- Exercise description
Transcribe the entries below exactly, starting with the line that has "DJ Dutchjeans slim" and stopping after the line that has "Ski Instructor Private"; no pictures belong in the copy.

- Input material
----------------------------------------

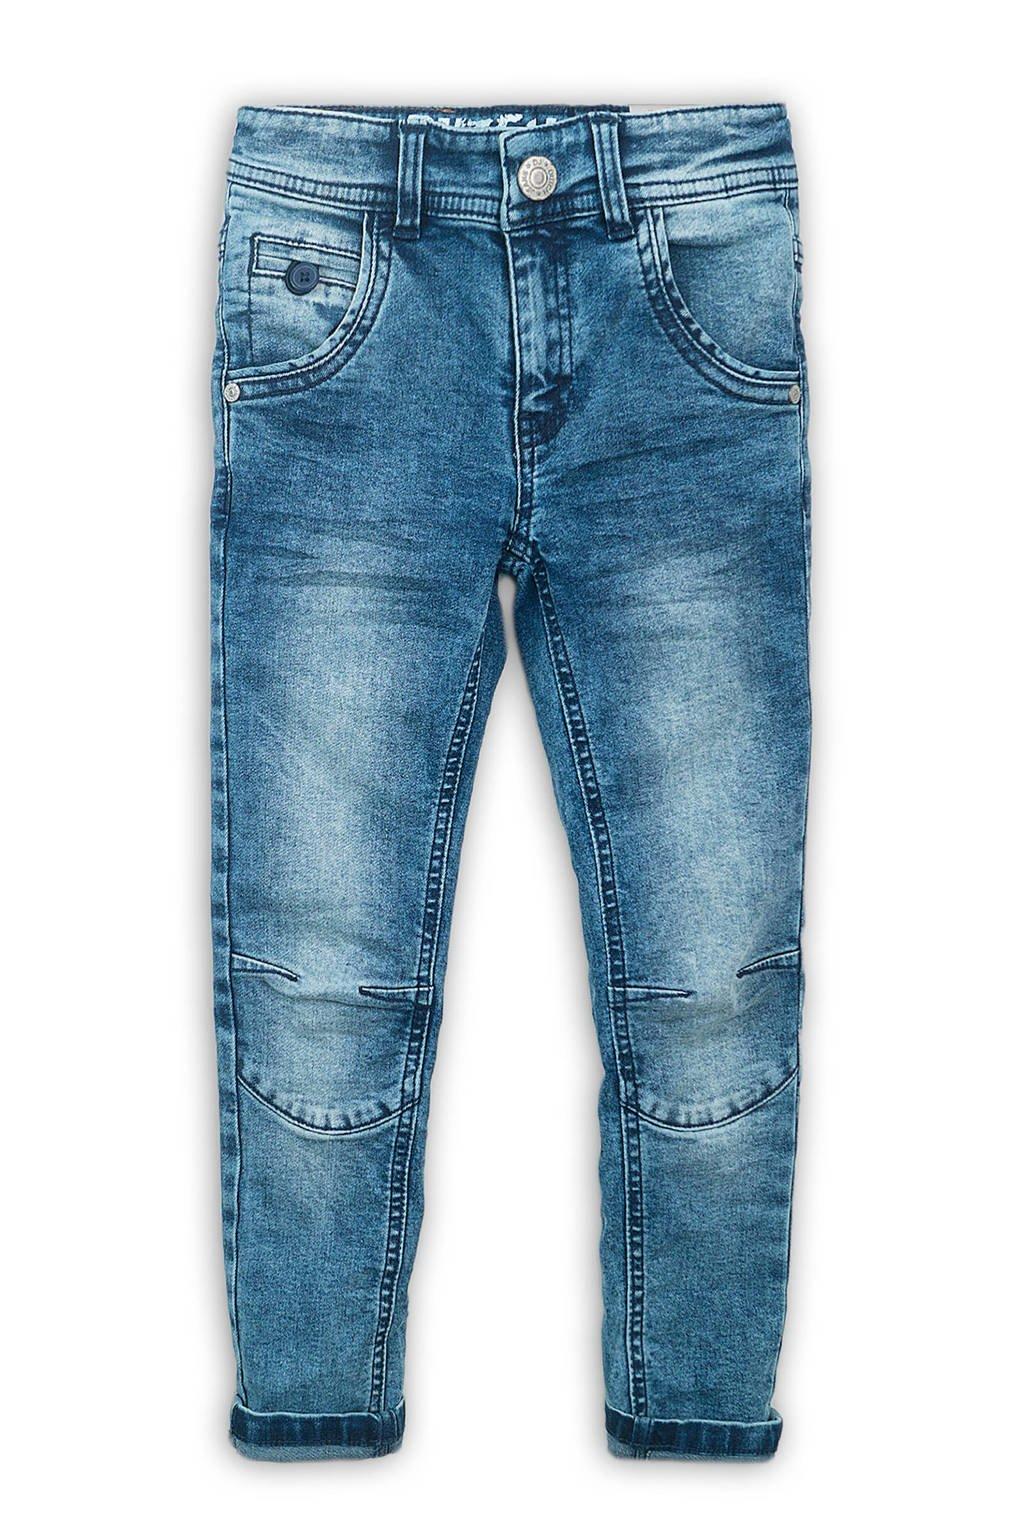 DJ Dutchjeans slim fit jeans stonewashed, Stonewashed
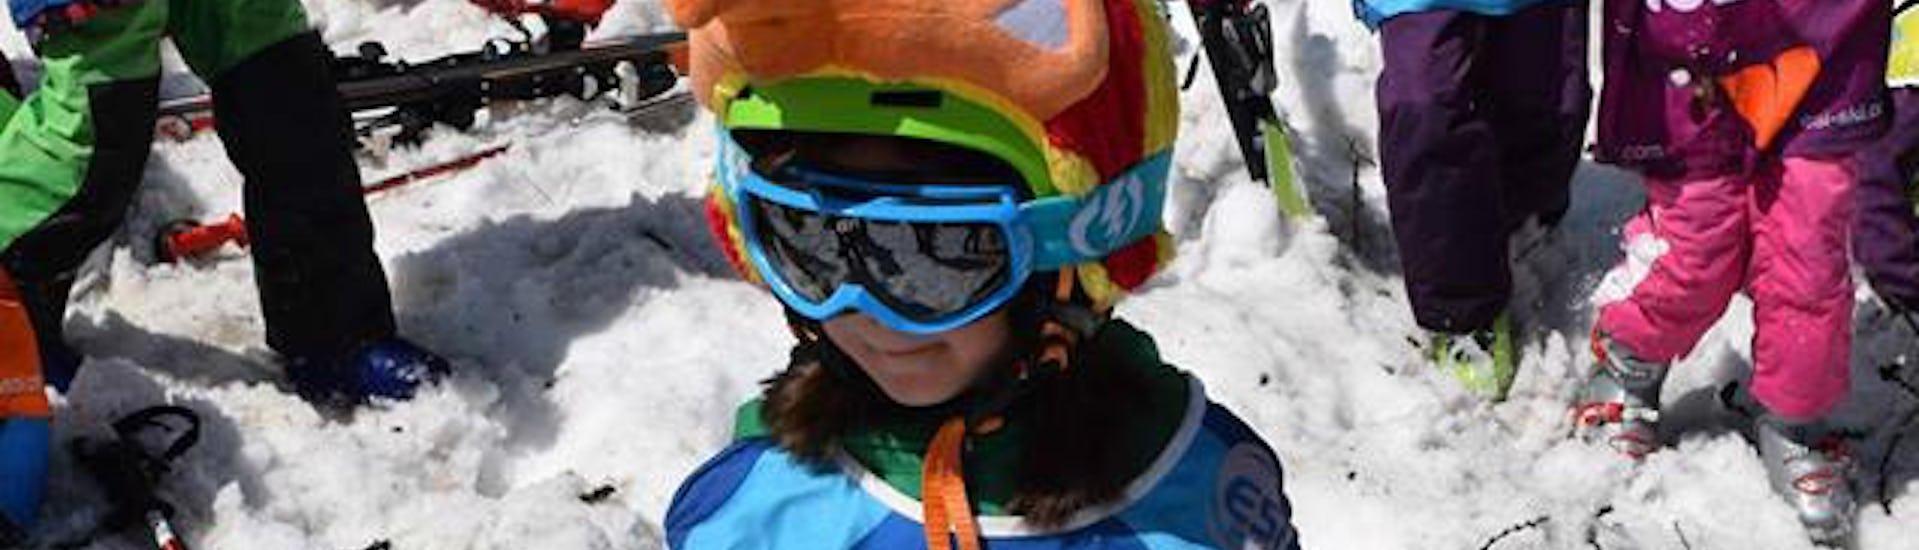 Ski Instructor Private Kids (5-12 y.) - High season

----------------------------------------

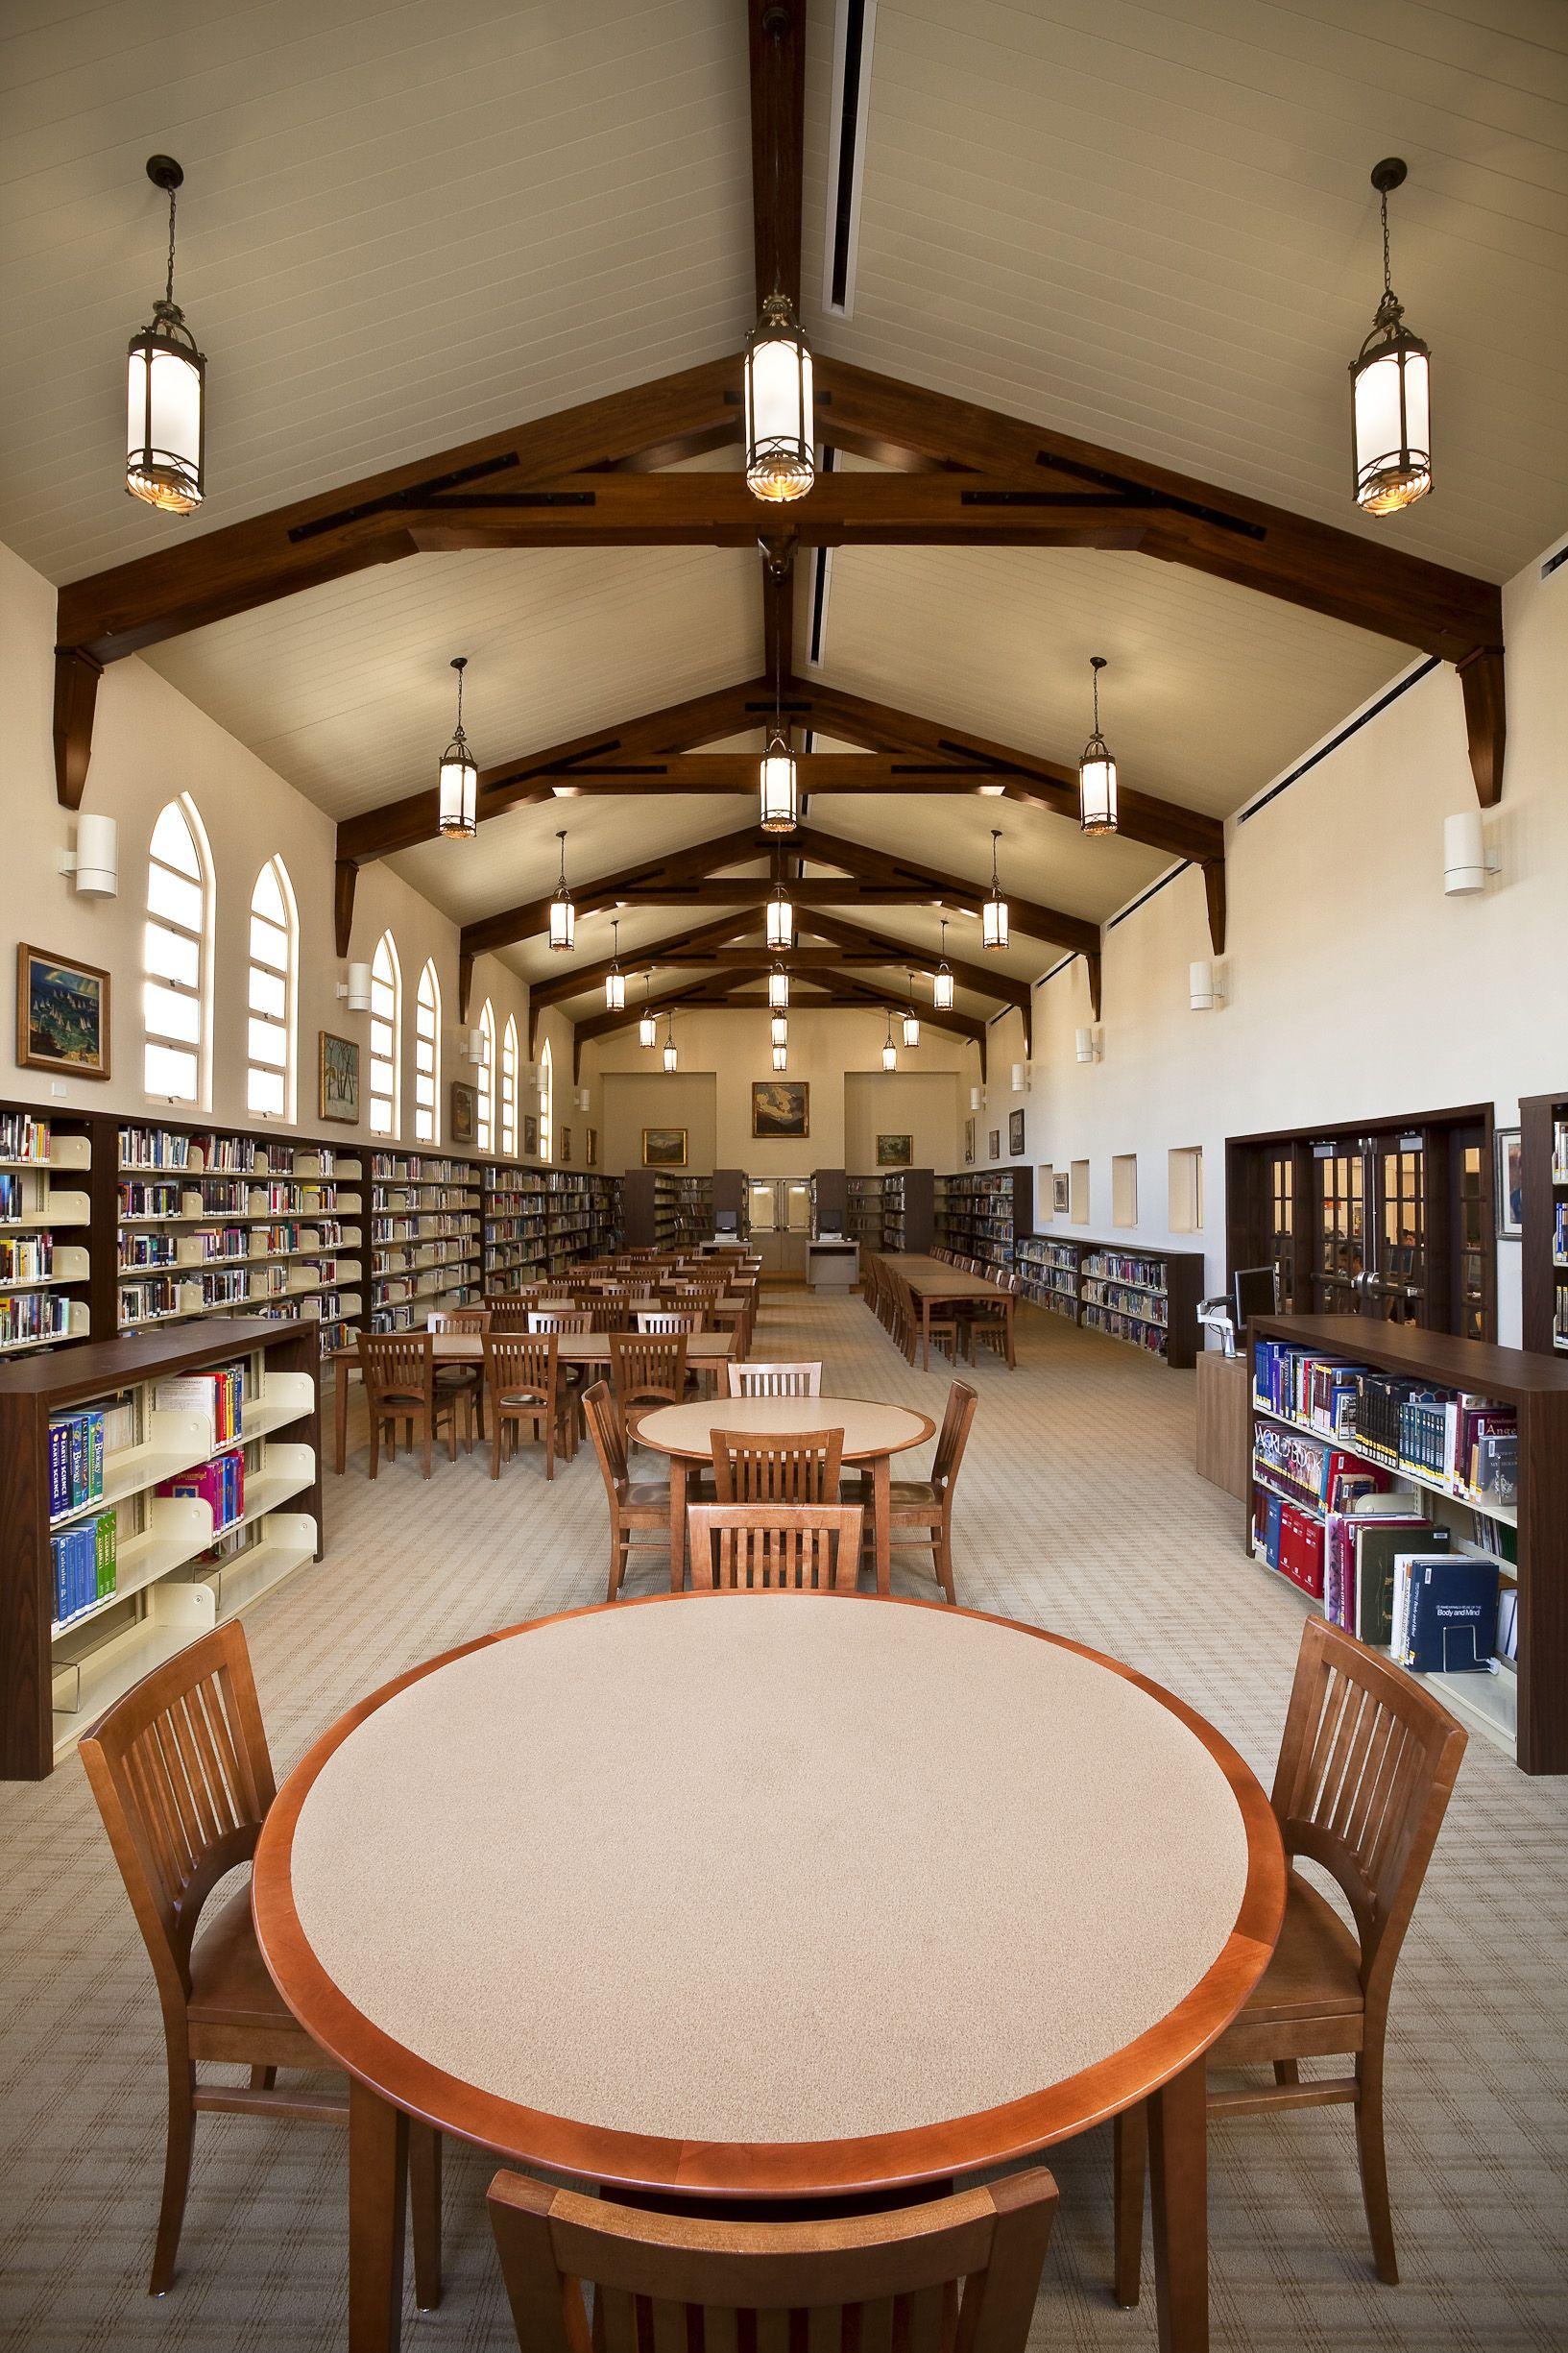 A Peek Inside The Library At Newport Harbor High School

----------------------------------------

- Solution to the problem
 DJ Dutchjeans slim fit jeans stonewashed, Stonewashed
 Ski Instructor Private Kids (5-12 y.) - High season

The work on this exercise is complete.